Just to give an idea of how the actual boot process proceeds…I am greeted with the GRUB prompt for a password for decryption. After entering it, it takes approximately 30+ seconds to reach the actual GRUB boot menu from there. After selecting Endeavor OS, it takes about another 10 seconds for the kernel to load and for SDDM to load as well. So, it seems that the problem lay somewhere between the GRUB password prompt phase, and getting to the actual GRUB boot menu. Which has me perplexed, given that the opening test only took 2 seconds max to unlock…

Did you try the recomendations I posted as “1.” and especially “2.” above?

I enabled fastboot. That cut down the firmware time by 7s, and the loader time down by 11s.

[kyle@kyle-x570aorusmaster ~]$ systemd-analyze
Startup finished in 12.907s (firmware) + 31.492s (loader) + 8.220s (kernel) + 1.207s (userspace) = 53.827s
graphical.target reached after 901ms in userspace

I wasn’t able to follow through with #2 just yet. I’m not quite sure what I am doing on that one. Reading the Arch wiki, I have the instructions on what to do, I’m just a little shakey on what exactly I’m doing, lol. Keep in mind, when I had Manjaro installed it booted up just fine without delay (there still was the POST delay as I didn’t have fastboot enabled).

In my BIOS, under the boot order selection, I have “EndeavorOS” as #1, followed by the actual drive it resides on, followed by “UEFI OS.” Before I go changing the GRUB location, that is the correct order, is it not?

Also, I just wanted to say thank you all for the help thus far!

You can move your already installed GRUB EFI executable to the default/fallback path:

sudo mv /boot/efi/EFI/EndeavourOS /boot/efi/EFI/BOOT 
sudo mv /boot/efi/EFI/BOOT/grubx64.efi /boot/efi/EFI/BOOT/BOOTX64.EFI

You could then change/check the boot order with efibootmgr or set it up in your bios.

If need be you can always change back by booting into the live-iso and chroot’ing,

I have an MSI X570 gaming plus and it seems to be fine for booting time.

x570 is slower than one would expect - especially compared to b450! My ASUS TUF x570 got much faster than it was with the last BIOS update - but still rather slow.
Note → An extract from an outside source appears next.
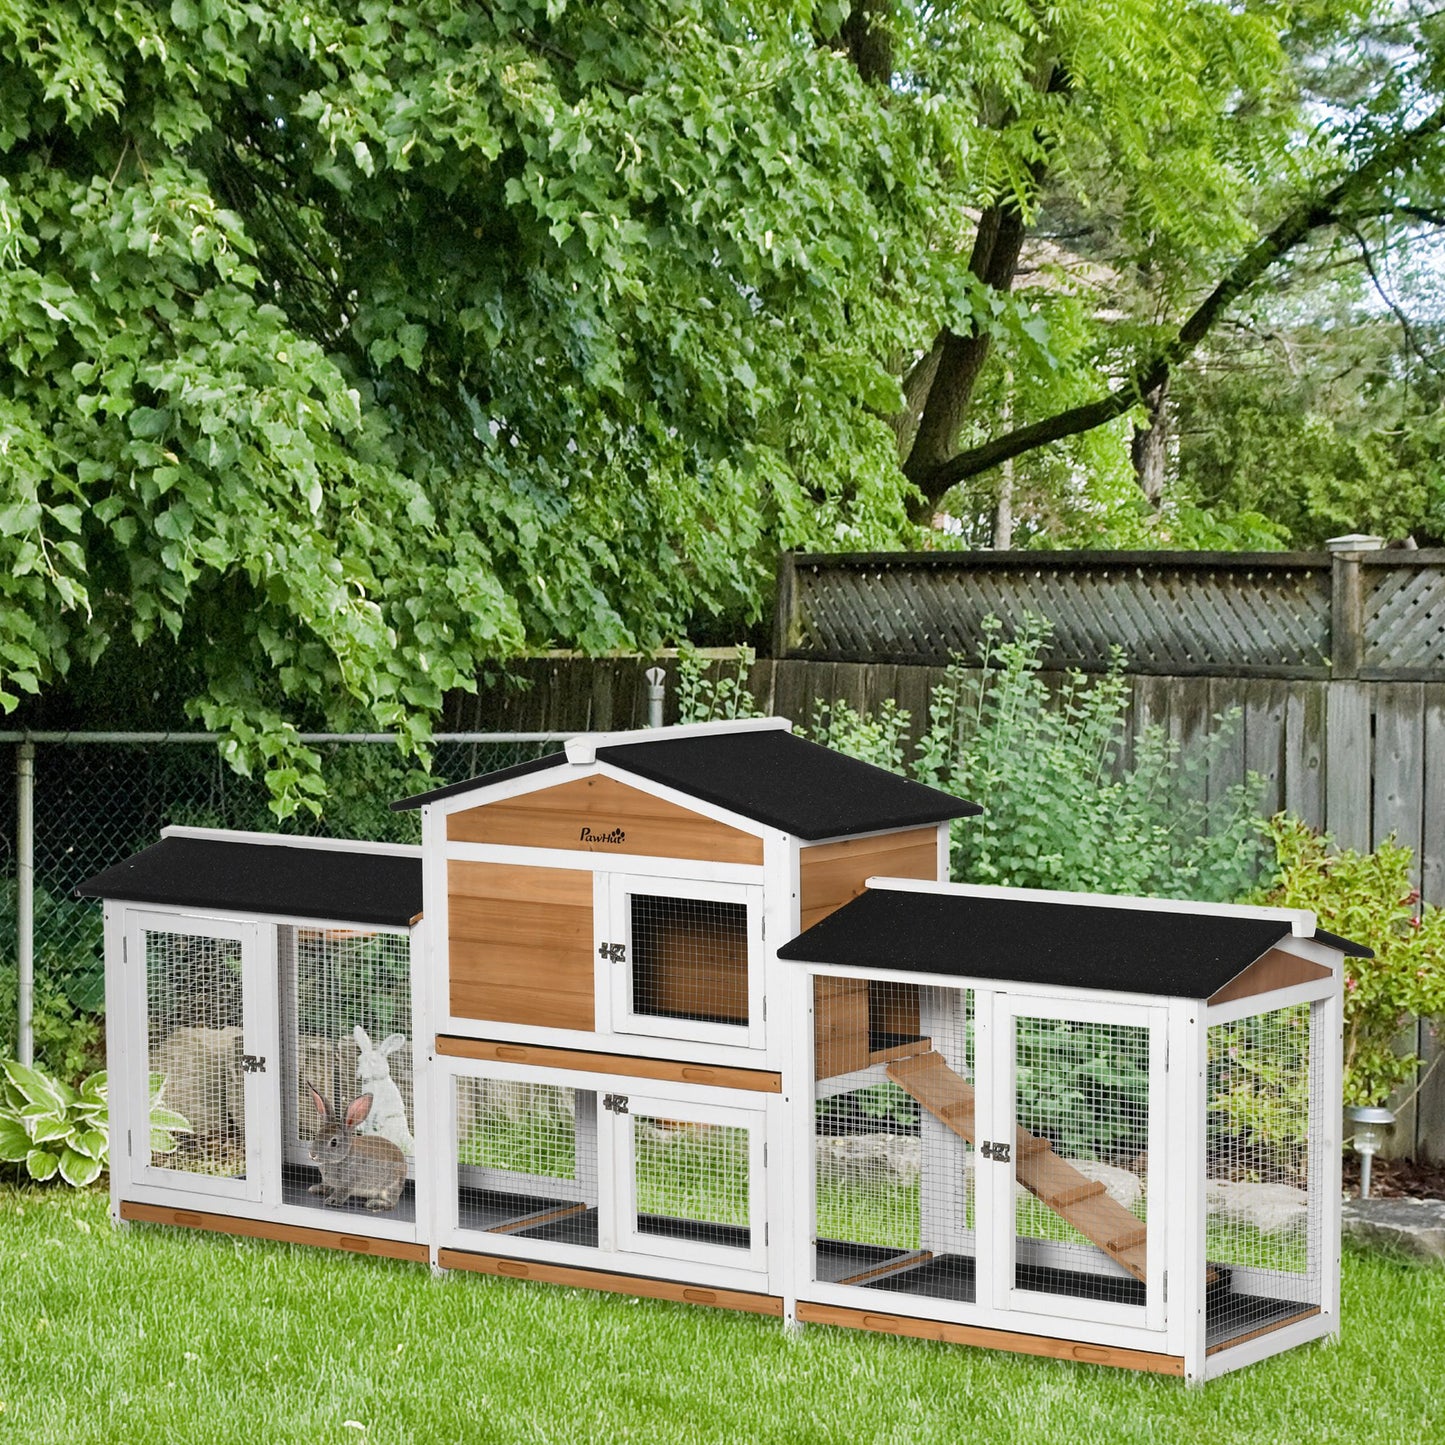 PawHut 2 Tier Wooden Rabbit Hutch, Guinea Pig Cage, Bunny Run, Small Animal House with Double Side Run Boxes, Slide-out Tray, Ramp, 230 x 53 x 93.5cm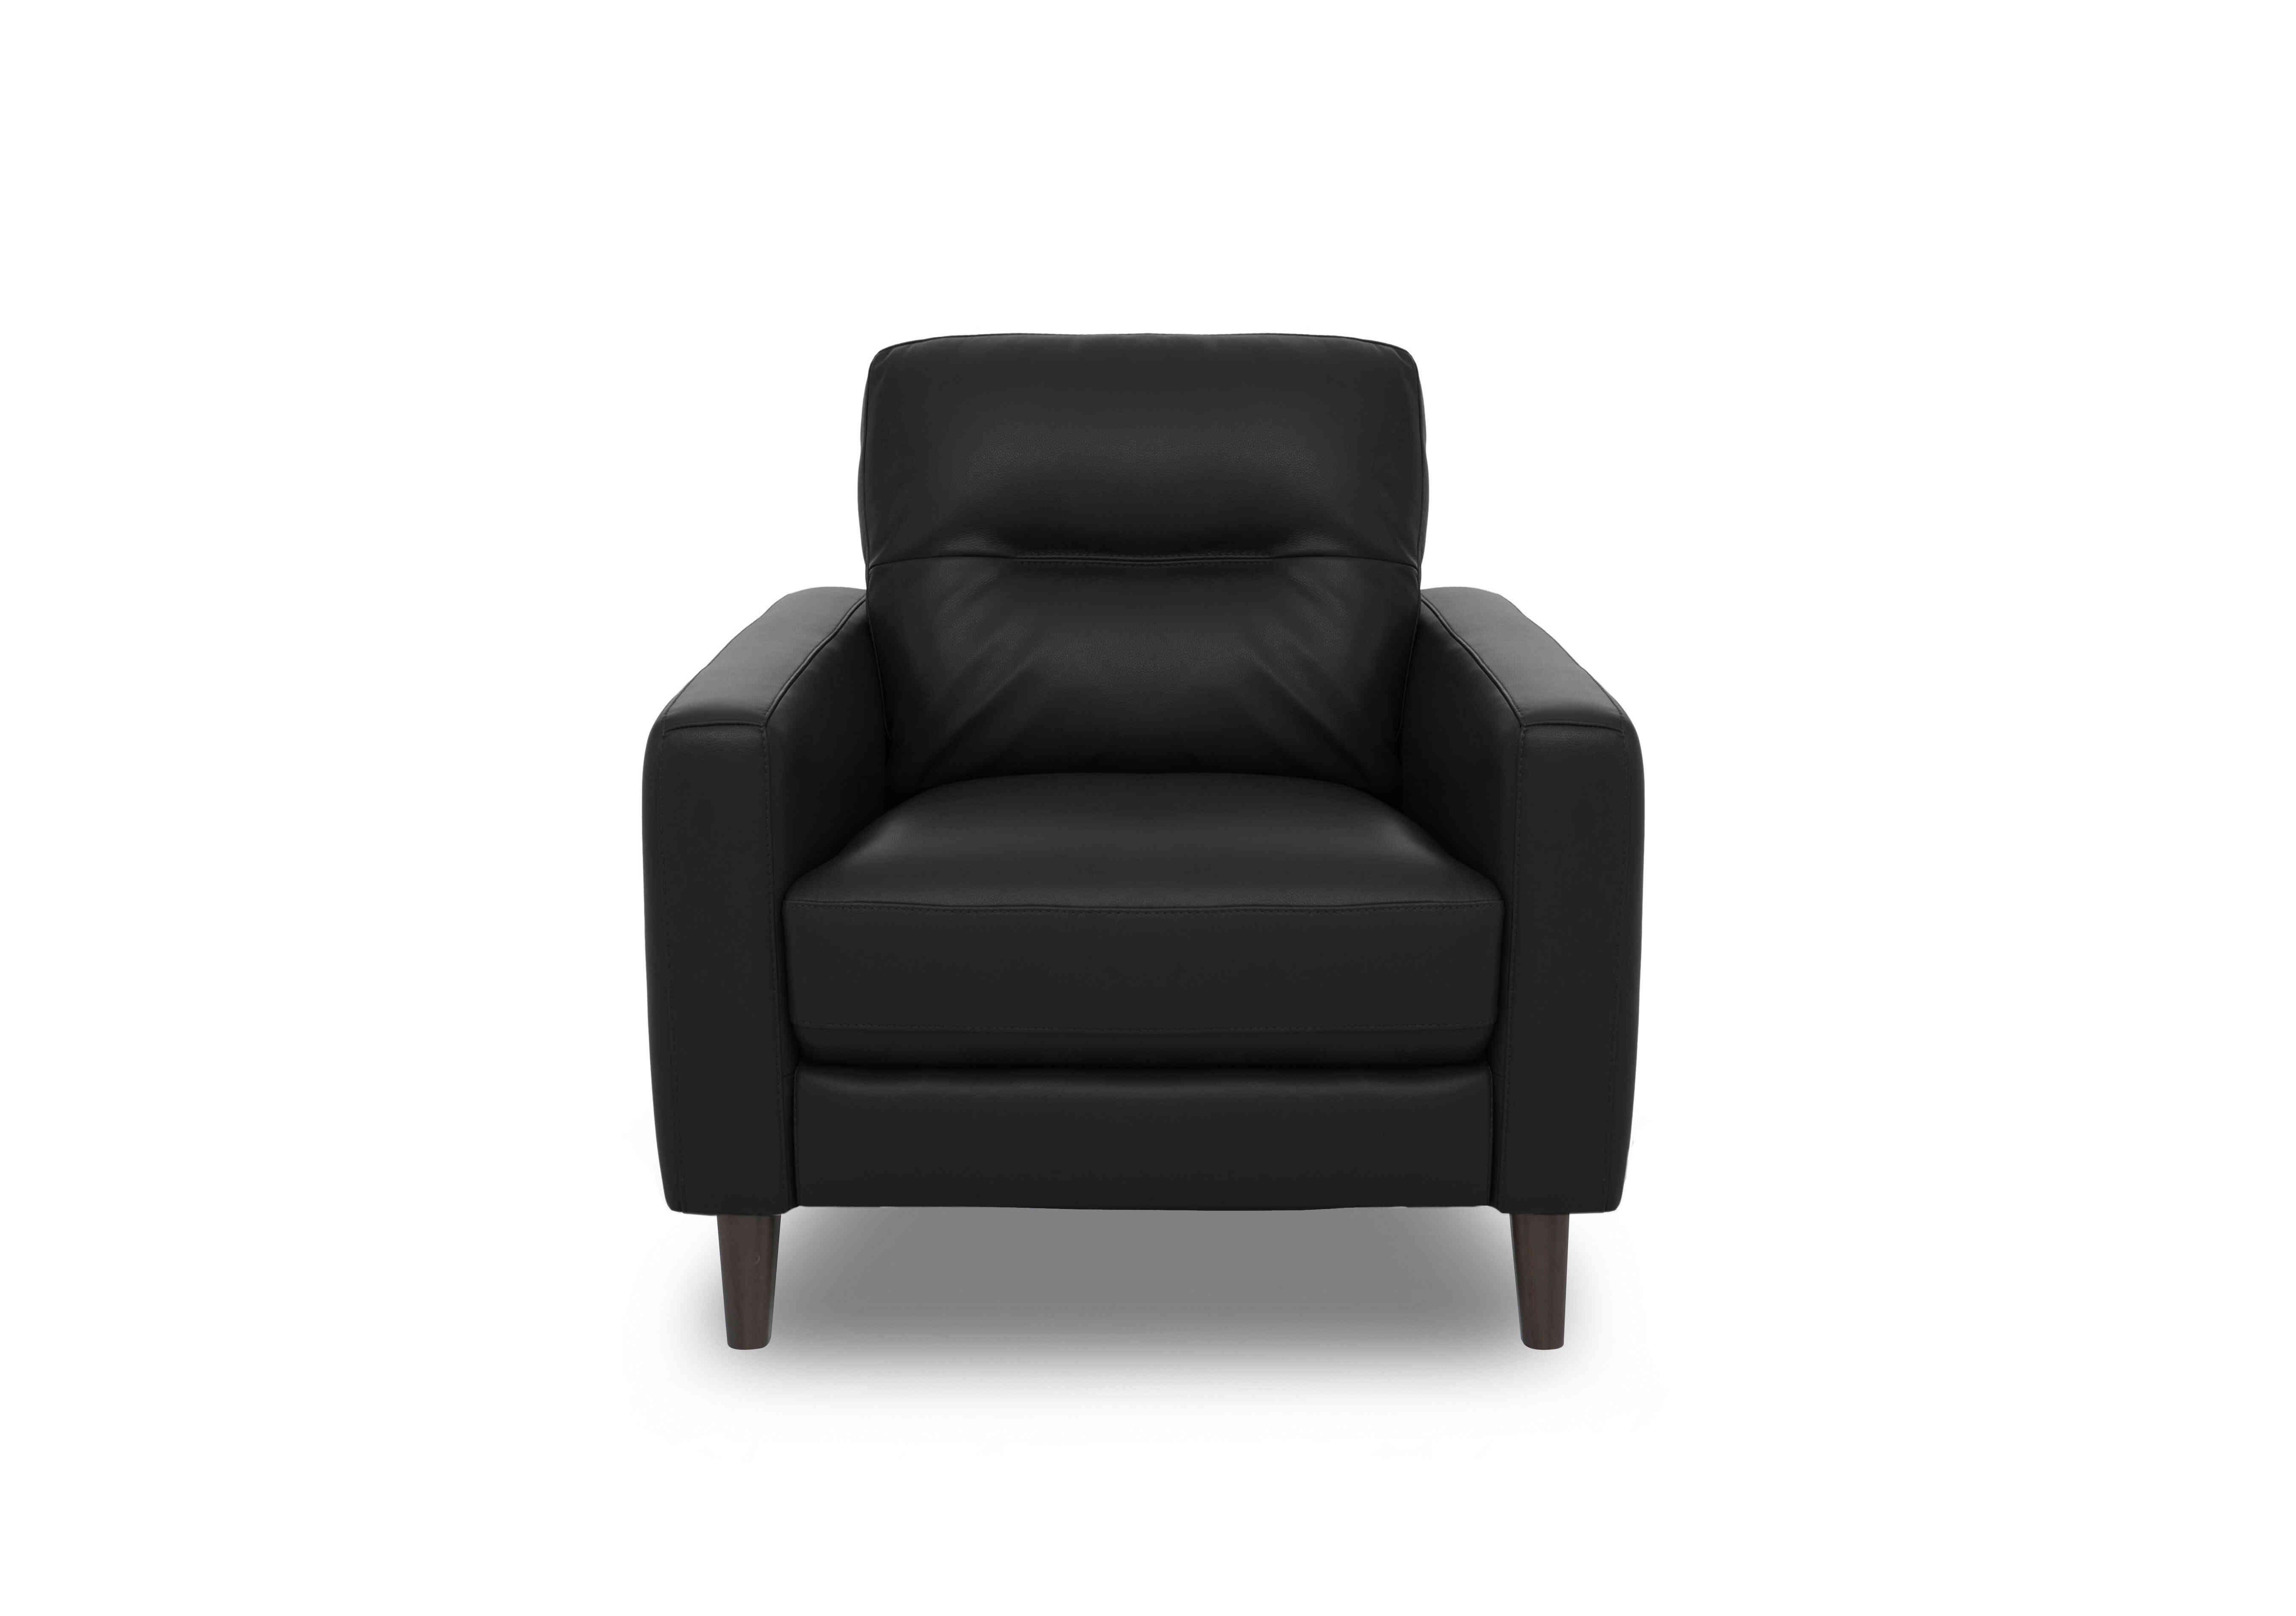 Jules Leather Chair in An-671b Black on Furniture Village

From the sound of it, though, that is not where the problem lies - I would expect perhaps 7 seconds from leaving BIOS screen to greeter on my system under these circumstances.

Mine isn’t slow… what you talking about Willis?

I guess it depends on your definition of slow! Anything over a 2 count is pretty slow in my book - the B450 ASUS comes to BIOS under that…

I thought you meant how long it took to decrypt?

Nope! Yours should be too fast for you to pick up your coffee mug. OP is talking about having time to go out to the kitchen and pour a new one!

Well it’s not fast but i wouldn’t say it’s slow either. Could be faster yes, but it’s acceptable. Decrypting is a bit slow. I’m booting to rEFInd and then to grub menu on this triple boot EnOS.

Thank you for the explanation. It was the changing the boot order part I was missing. I know what you mean now. I will give it a go in a bit and see if it helps.

Since I enabled fastboot it only flashes the BIOS logo and key options for a couple seconds at most now before going to the GRUB unlocking prompt. Still gotta move the EFI executables and see if that helps. I’m running the AEGIS BIOS from last December, btw. Anyone know if there is any appreciable reason to update it?